The adjective royal meaning “pertaining to a king” is first attested in the late 1300s. It’s in use in English by the mid-1200s instead meaning “fit for a king”, and comes from the Old French “roial”. From 1066 through 1400, every ruler of England natively spoke Old French, so this is a natural borrowing. “Roial”, in turn, is descended from the Latin “rēgālis”, the adjective form of “rēx”, meaning “king”. That is likely descended from the reconstructed Proto-Italic “rēks” and the Proto-Indo-European “h₃rḗǵs”, which is the likely source for Sanskrit “राजन्” (rā́jan) and eventually Hindi “राजा” (rājā). The concept of a ruler is likely one of the most durable and unusually clear to trace through time.

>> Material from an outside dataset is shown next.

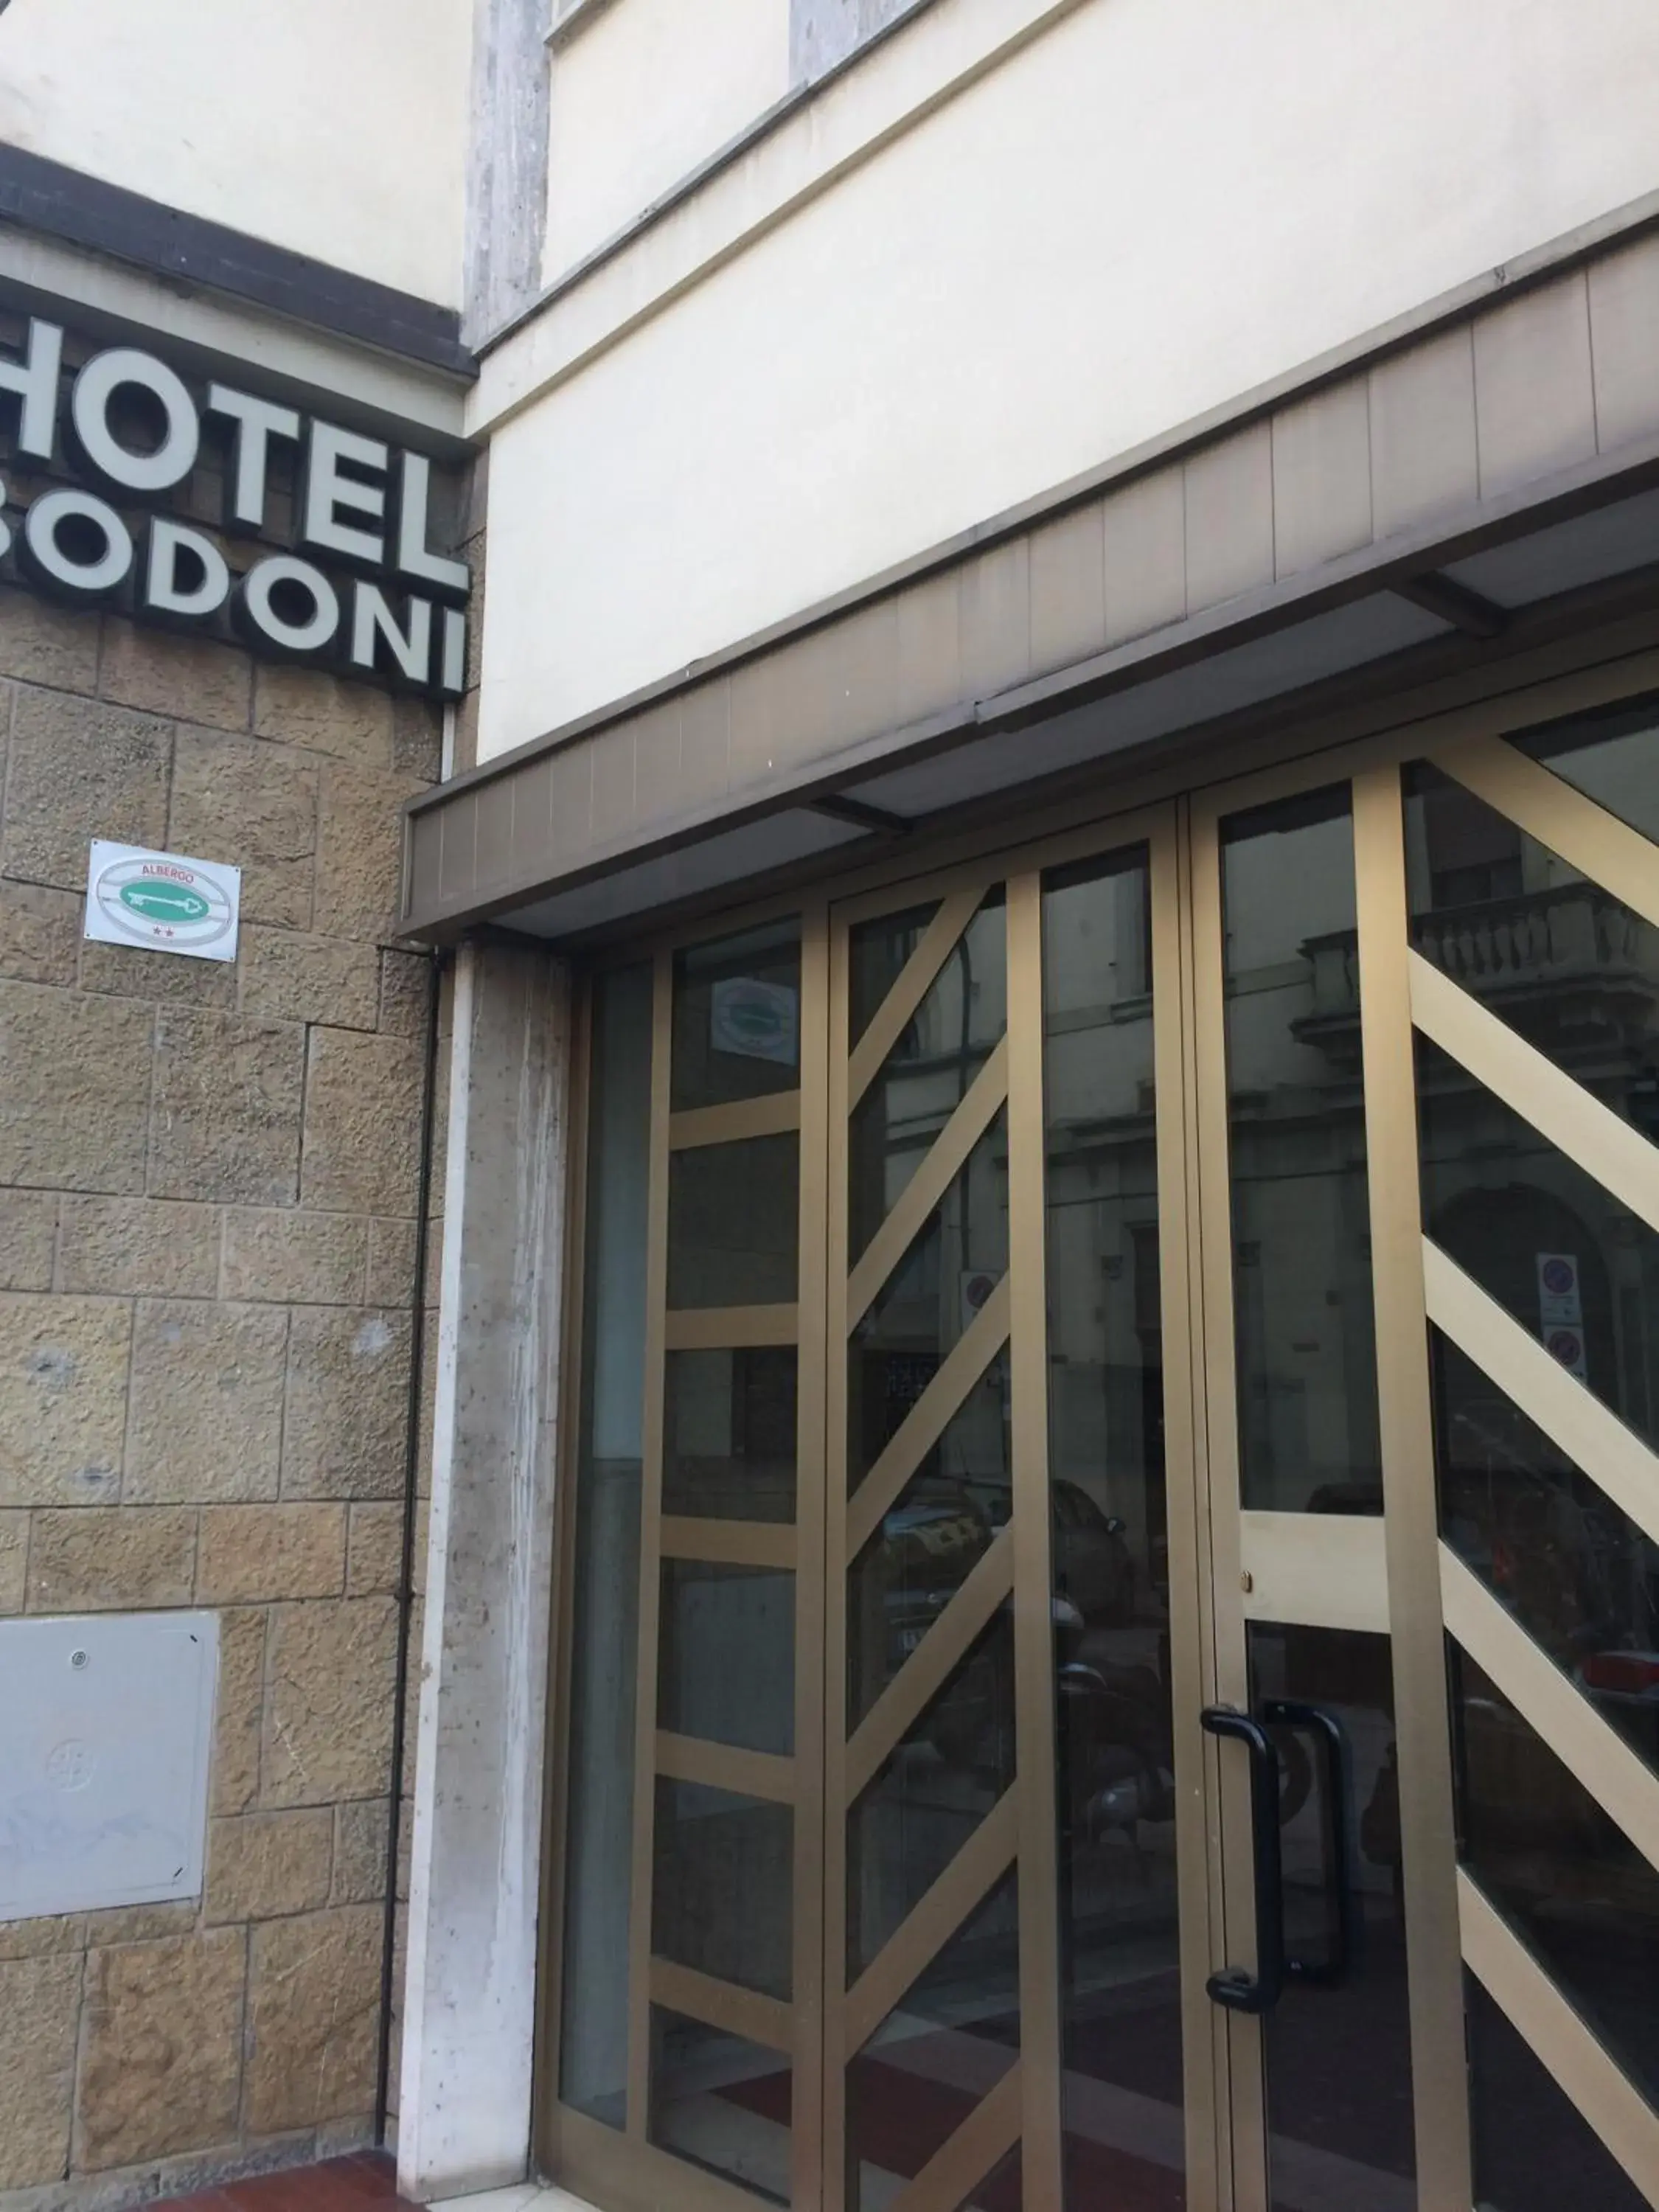 Property Building in Hotel Bodoni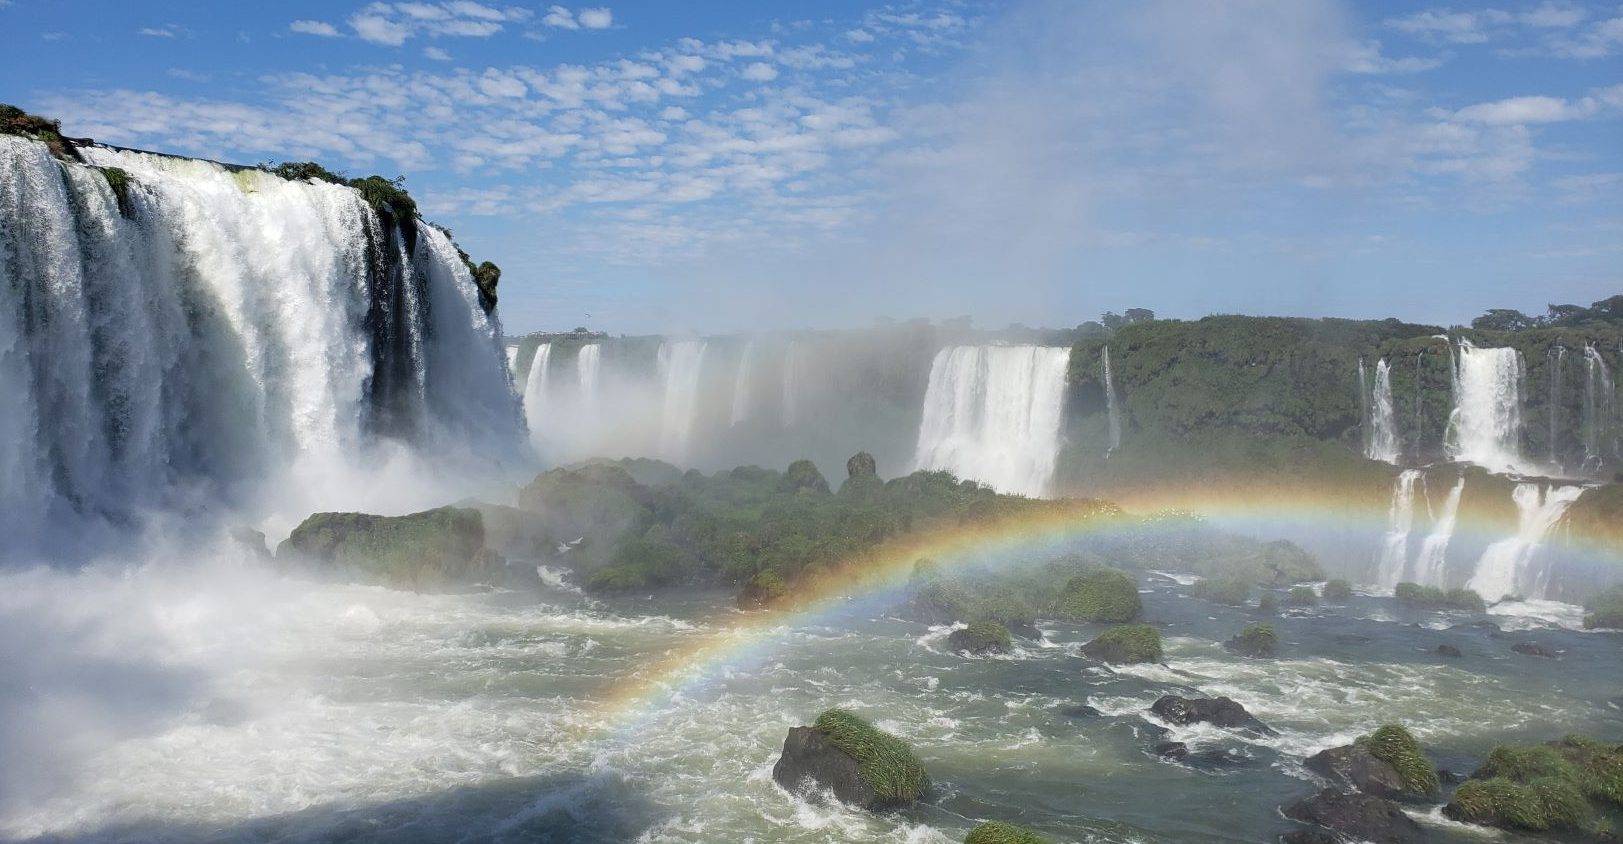 Foz do Iguaçu: melhores hotéis para viajar com bebês e crianças

Regal, a close cousin of royal, also entered English in the late 1300s, in this case directly from that Latin root “rēgālis”. Legal documents in England were all written in Latin at the time, so this seems like another natural borrowing. But wait, if a ruler is a very durable concept, shouldn’t English also have had an adjective meaning “kingly” already?

Kingly is amazingly also first attested in the late 1300s, but can be traced back through Old English variant spellings to “cyninglīċ” through to Proto-Germanic “kuningaz”, meaning “king”. It has cognates in the other Germanic langauges, such as German König, the namesake of the city containing the Seven Bridges of Königsberg (currently named Kaliningrad).

Royal, regal, and kingly make up one of English’s etymological triplets, three distinct words that mean similar things from similar origins. They are typically from Old English, Old French, and Latin, due to the way languages overlapped in 1300s England. Wikipedia has a good list if you’re hungry for more.